Scholz’s cabinet already faced what was called a “no-debt crisis” in November when the German constitutional court ruled its 2024 budget to be illegal due to violating this debt-brake rule and banned the government from repurposing unused Covid-19 funds.

The chancellor’s plan was blasted by the opposition as “financial trickery” as lawmakers accused him of essentially abusing the legal loopholes to push for more aid for Kiev. “What you have presented as an orderly procedure has been a tangible government crisis,” Friedrich Merz, the leader of the biggest opposition party, the Christian Democratic Union (CDU), said in response to Scholz.

“We won’t let this trick go through,” he added.
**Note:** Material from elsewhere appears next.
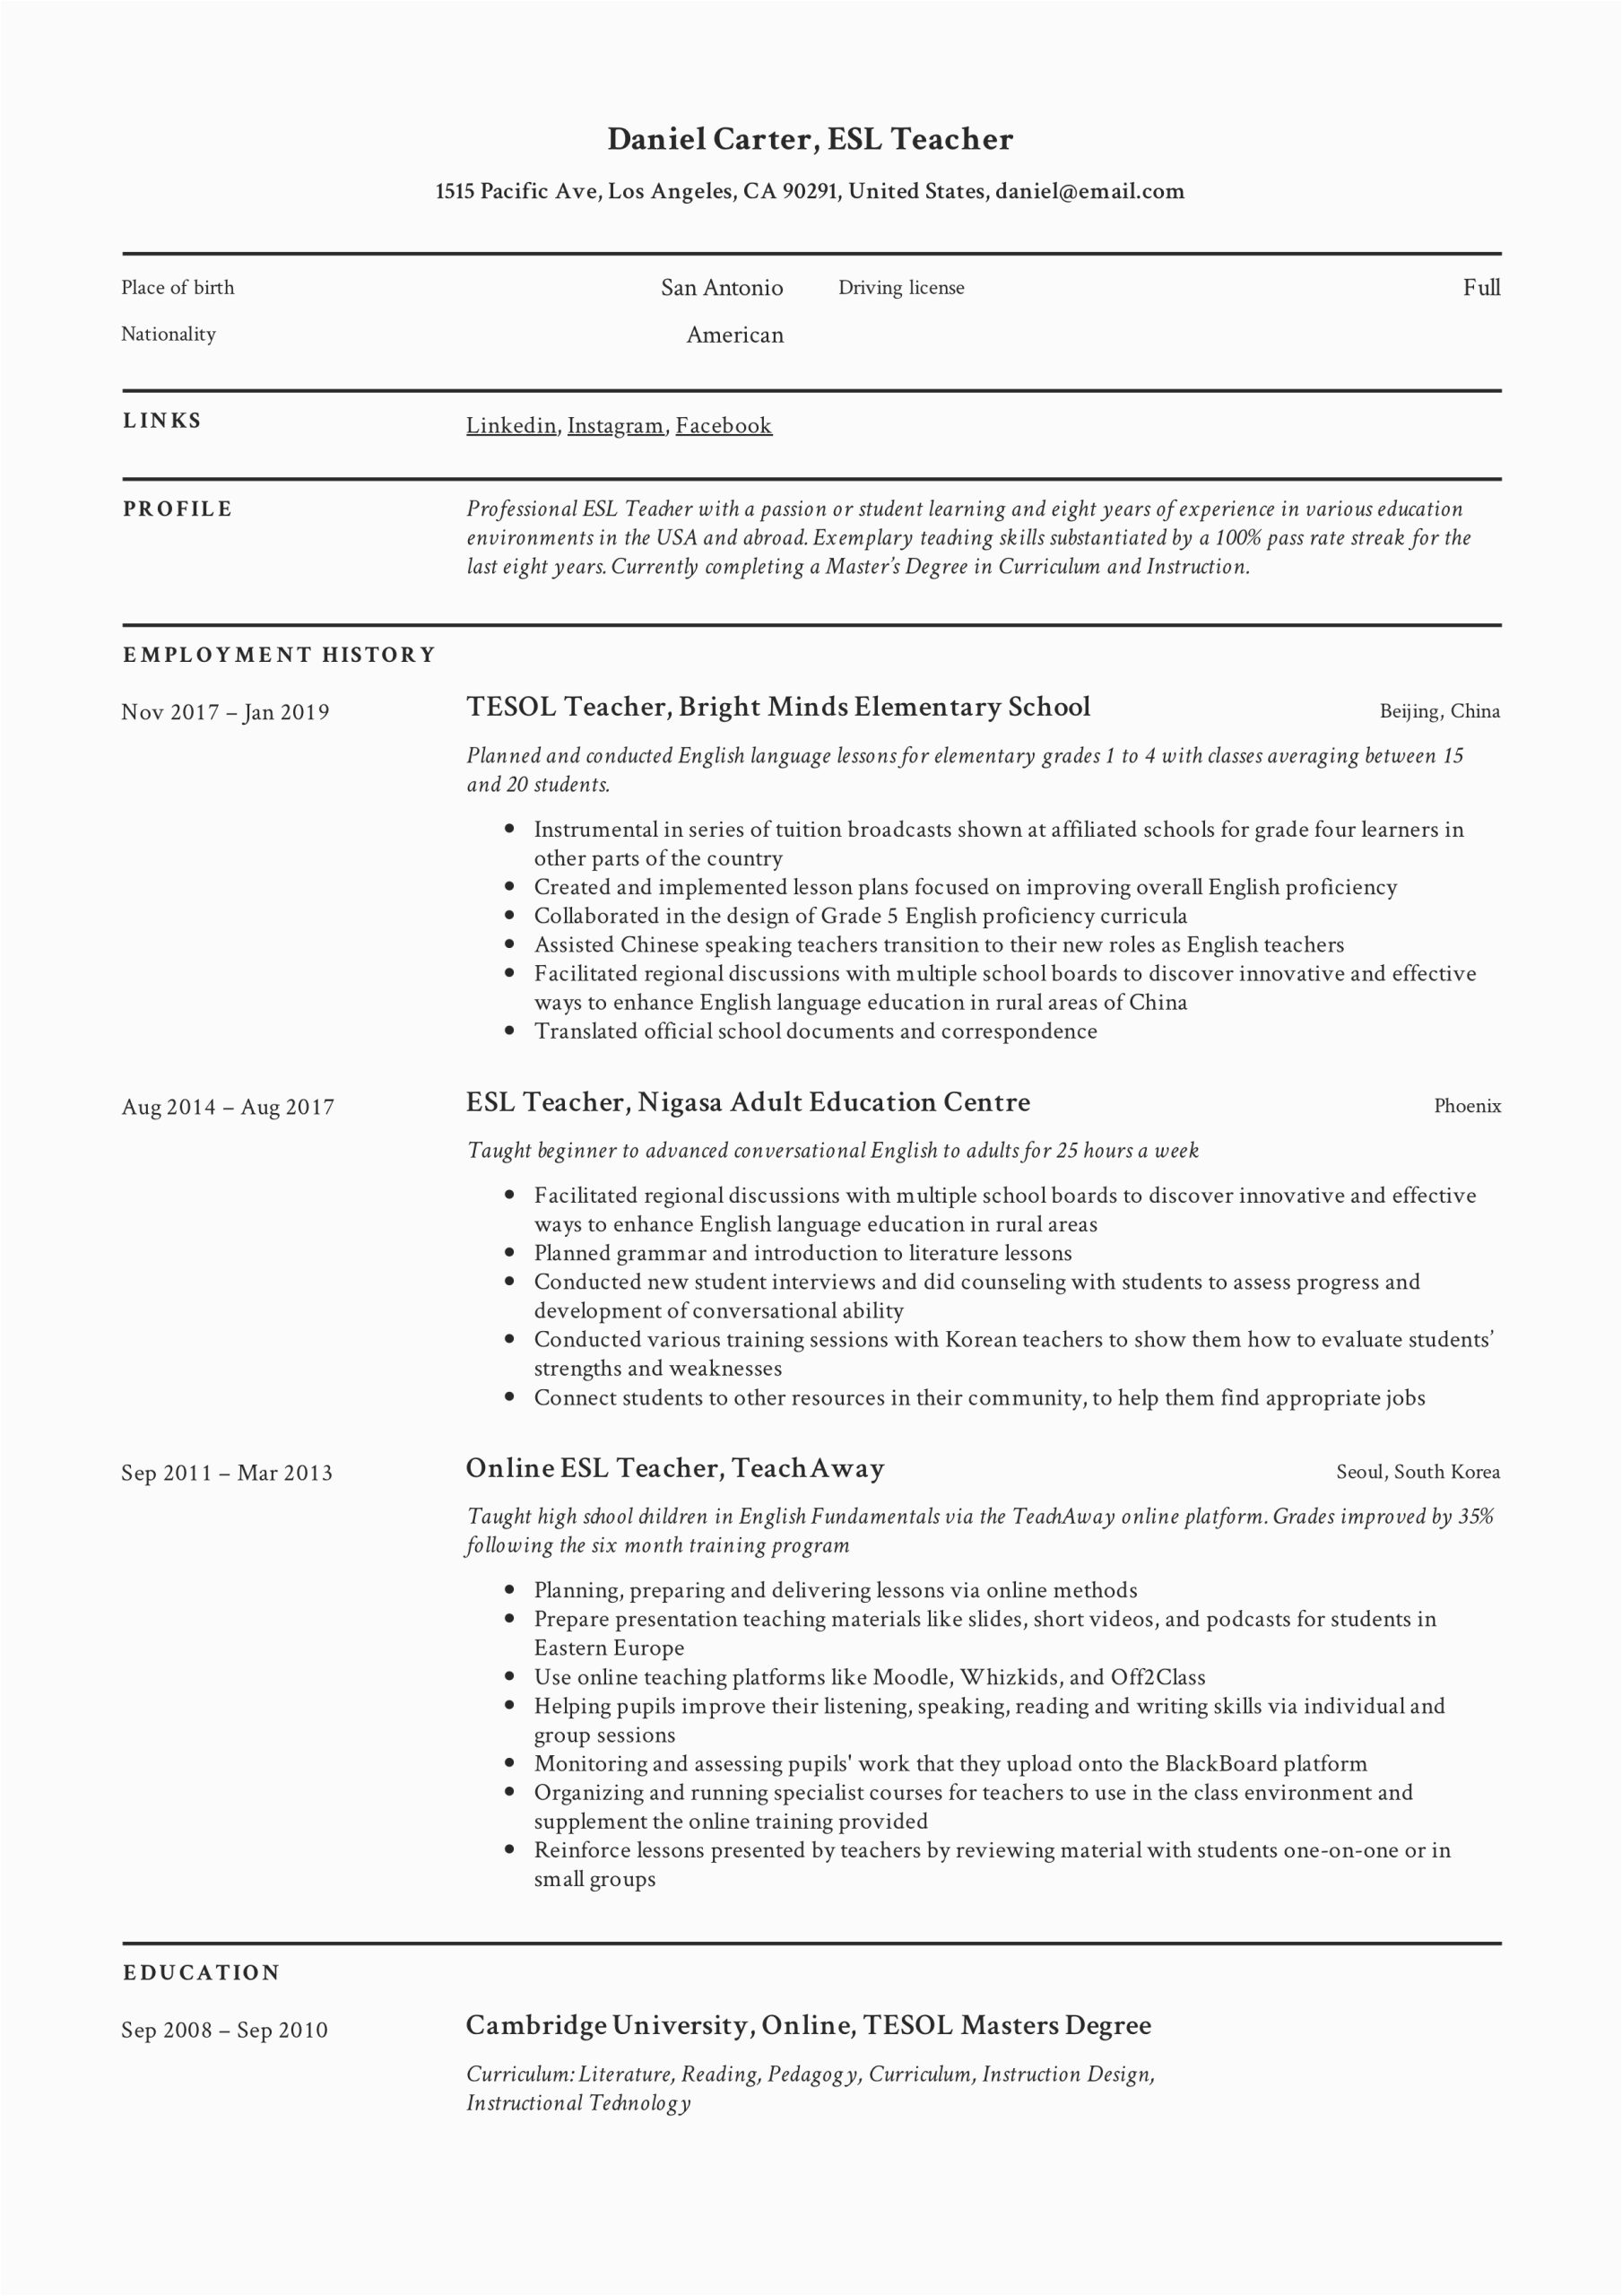 Sample Resume for Online Esl Teacher Esl Teacher Resume Sample & Writing Guide

The CDU chief also said that the situation in Ukraine was becoming increasingly “more dramatic.” “You know that, under the current circumstances, this country has no chance at all of winning this war,” he told Scholz.

Another prominent MP and a former transport and infrastructure minister, Alexander Dorbrindt, accused Scholz of being willing to literally throw the German budget into chaos for the sake of aiding Kiev. “You are not the solution to the budget problem, you are the budget chaos per se,” he told the chancellor, adding that the government “will never get our consent” to bypassing the debt-brake rule.